**ABOUT THIS EXERCISE**
Omit all pictures. Quote only the lines from the one with "Universal Butan Gas" through the end of the material below.

**AVAILABLE DATA**
###

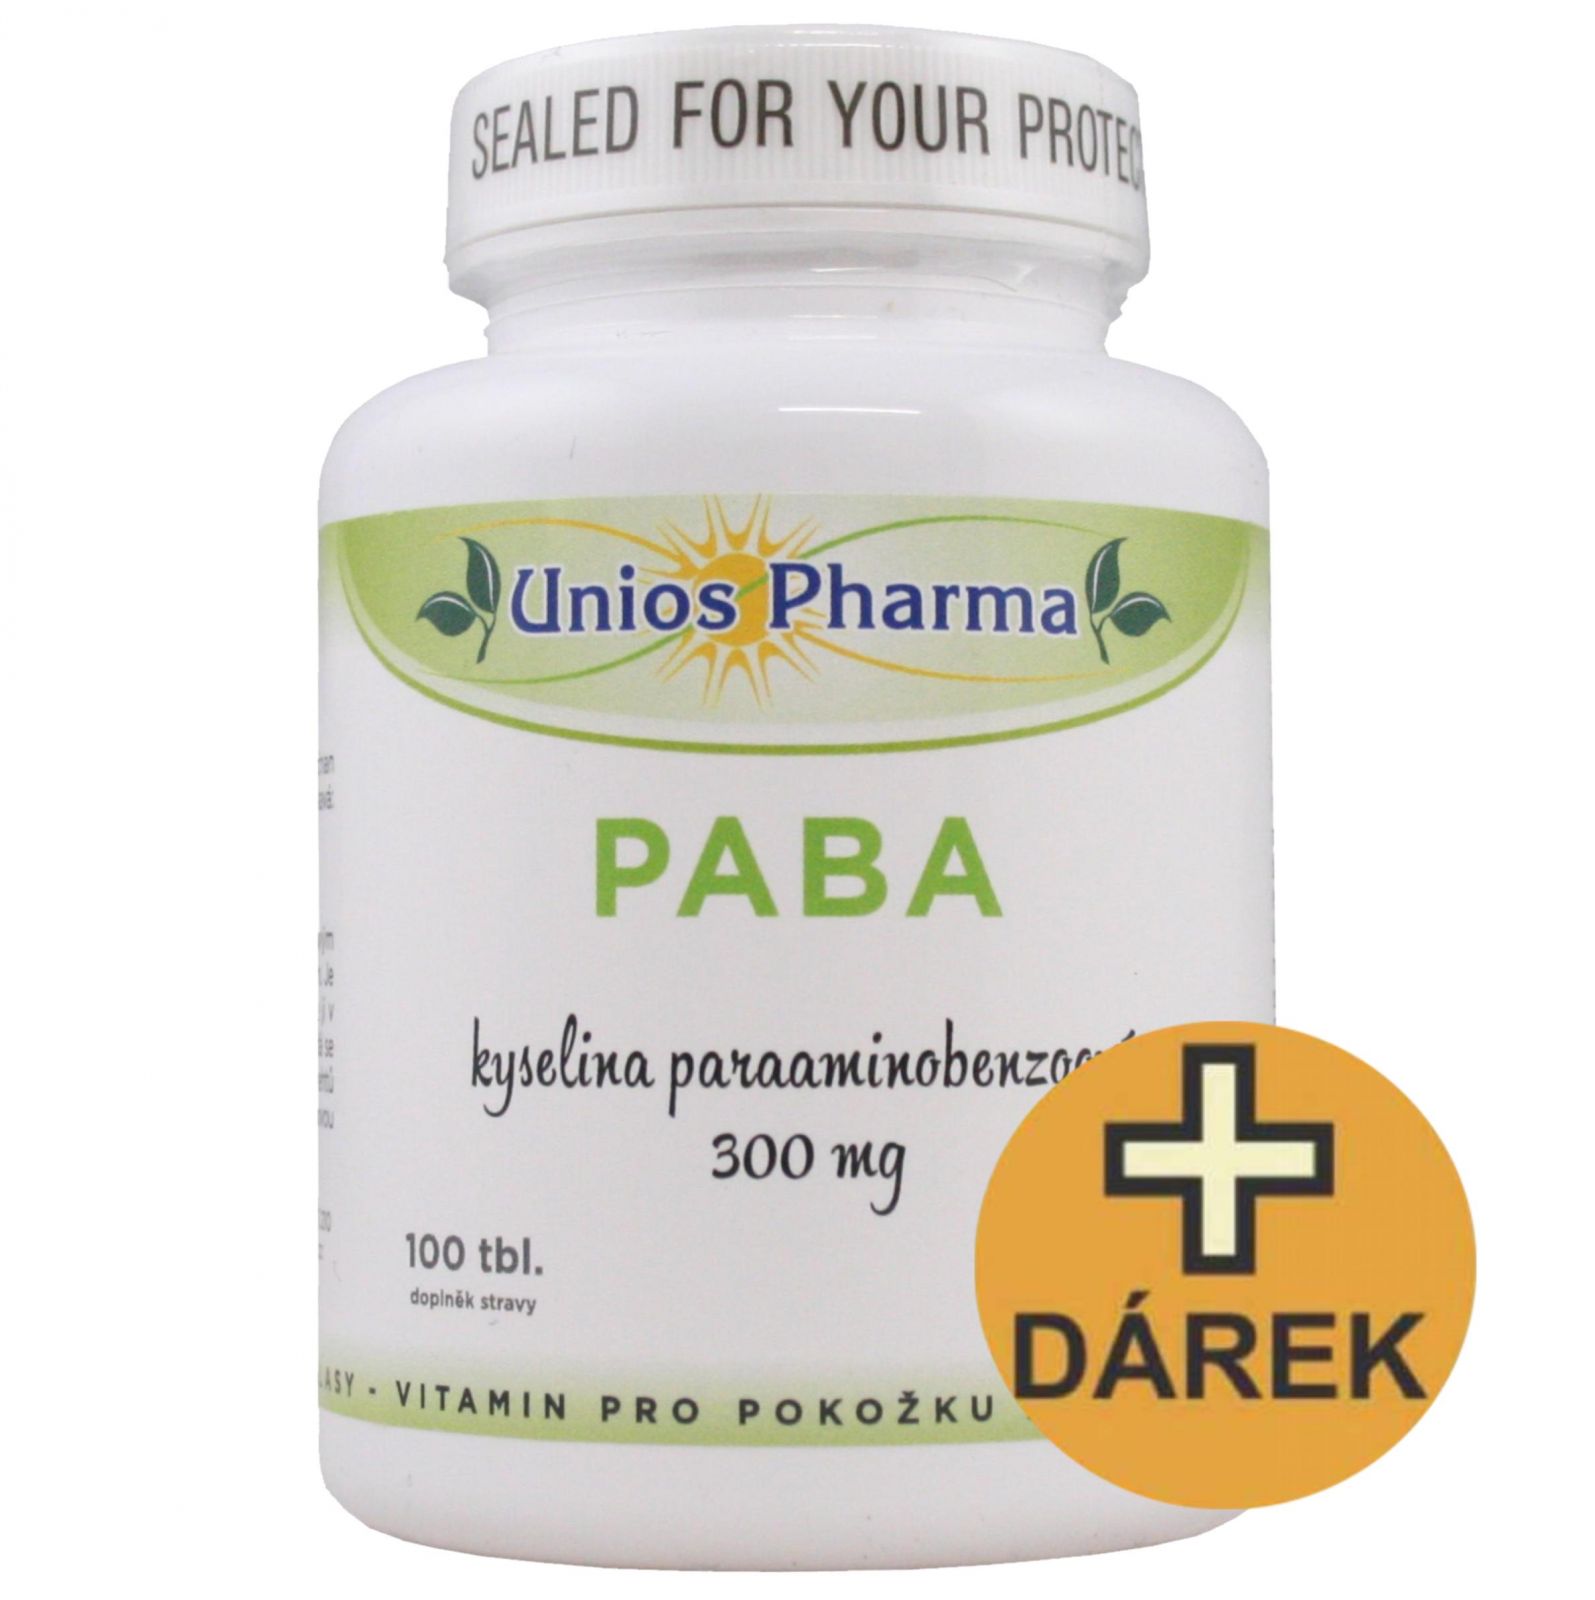  Unios Pharma PABA 300 mg ─ 100 tablet 
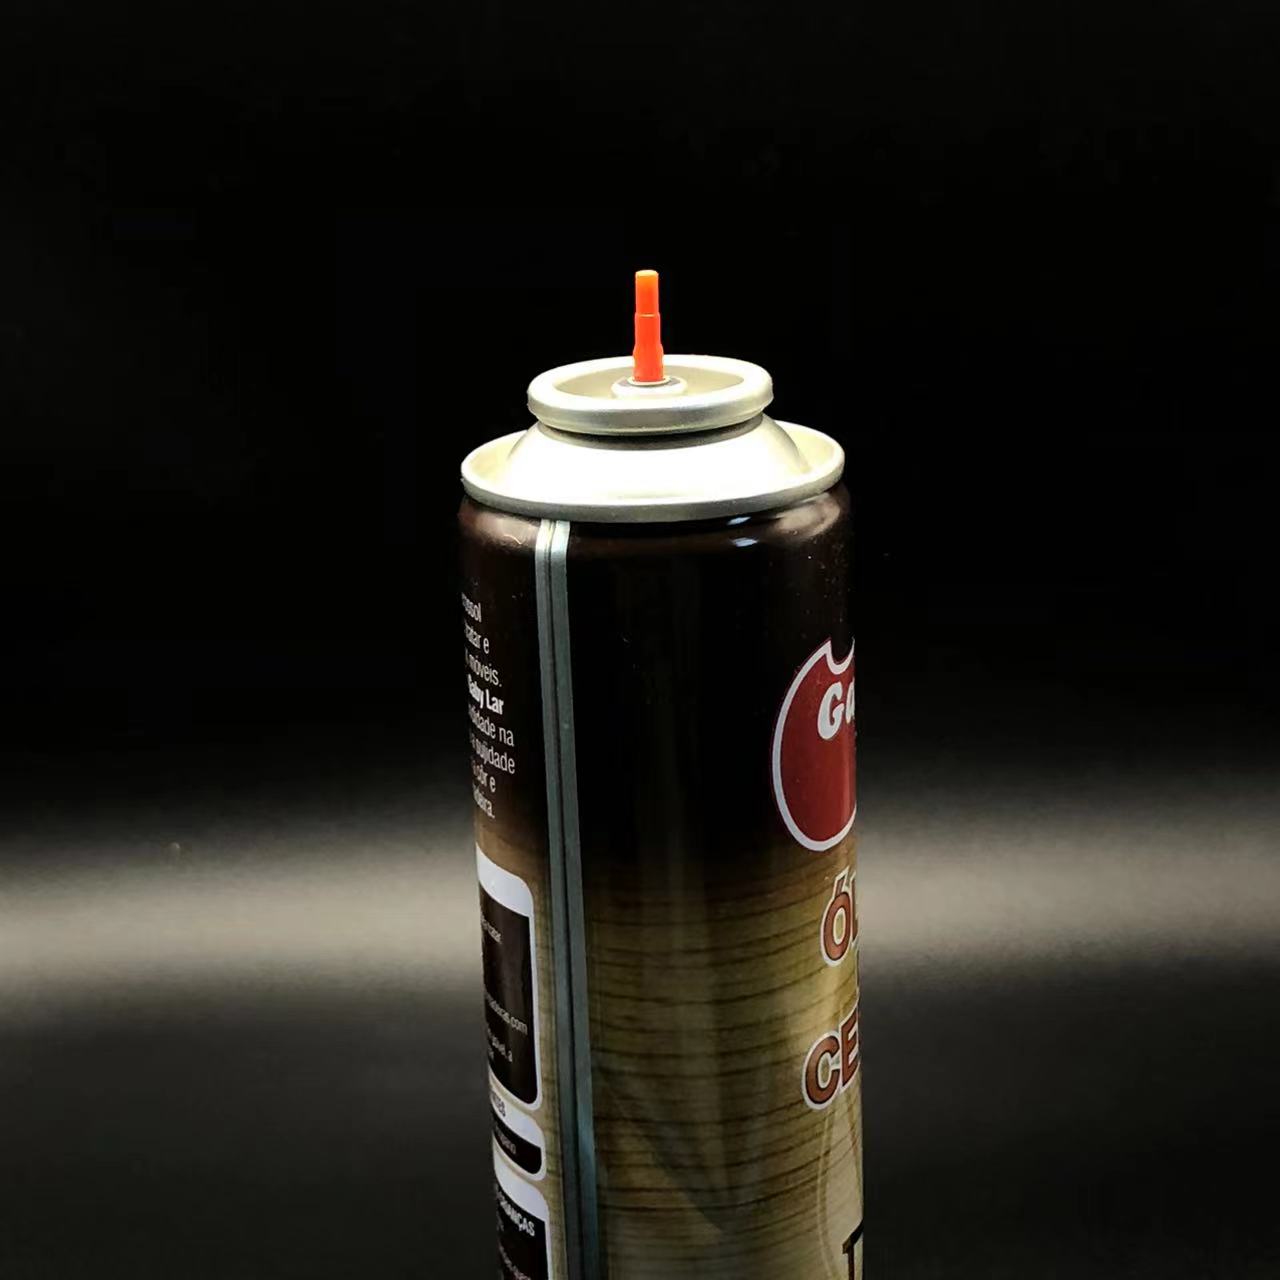 Universal Butan Gas Lighter Refill Ventil kompatibel med forskellige lettere modeller
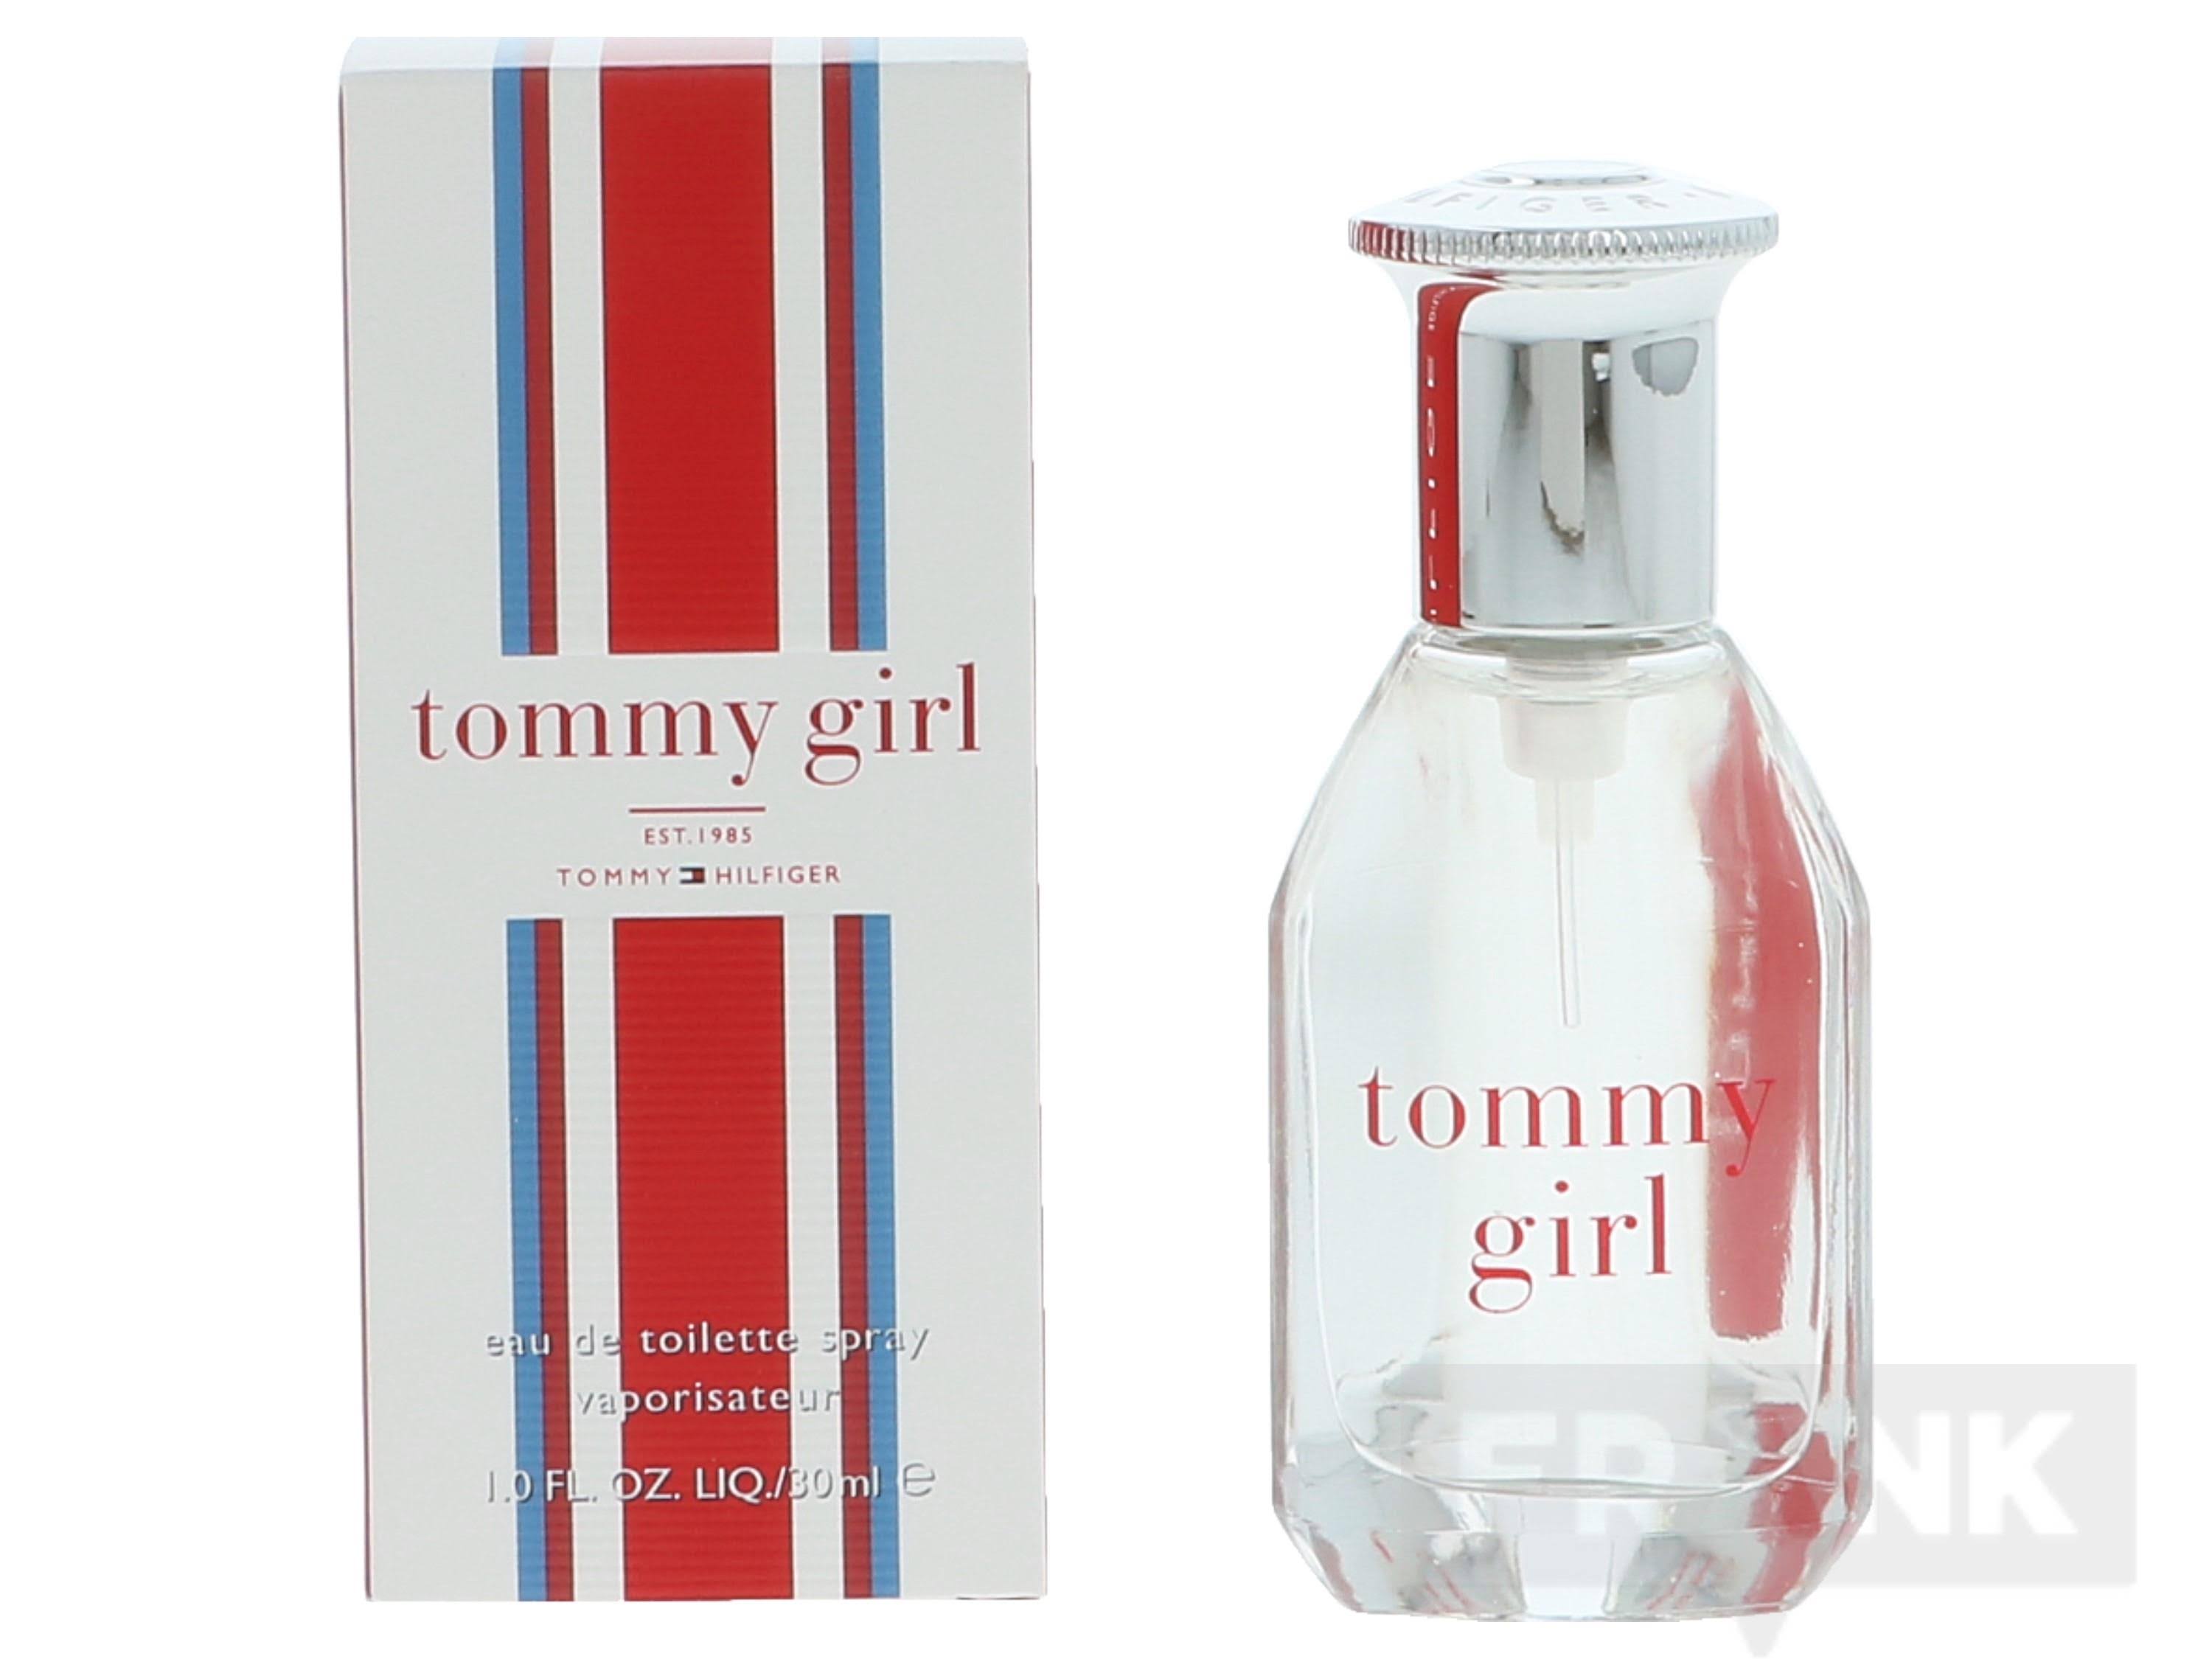 Tommy Girl Eau De Cologne Spray - 30ml

###

**RESULT FOR THIS EXERCISE**
 Universal Butan Gas Lighter Refill Ventil kompatibel med forskellige lettere modeller
 Tommy Girl Eau De Cologne Spray - 30ml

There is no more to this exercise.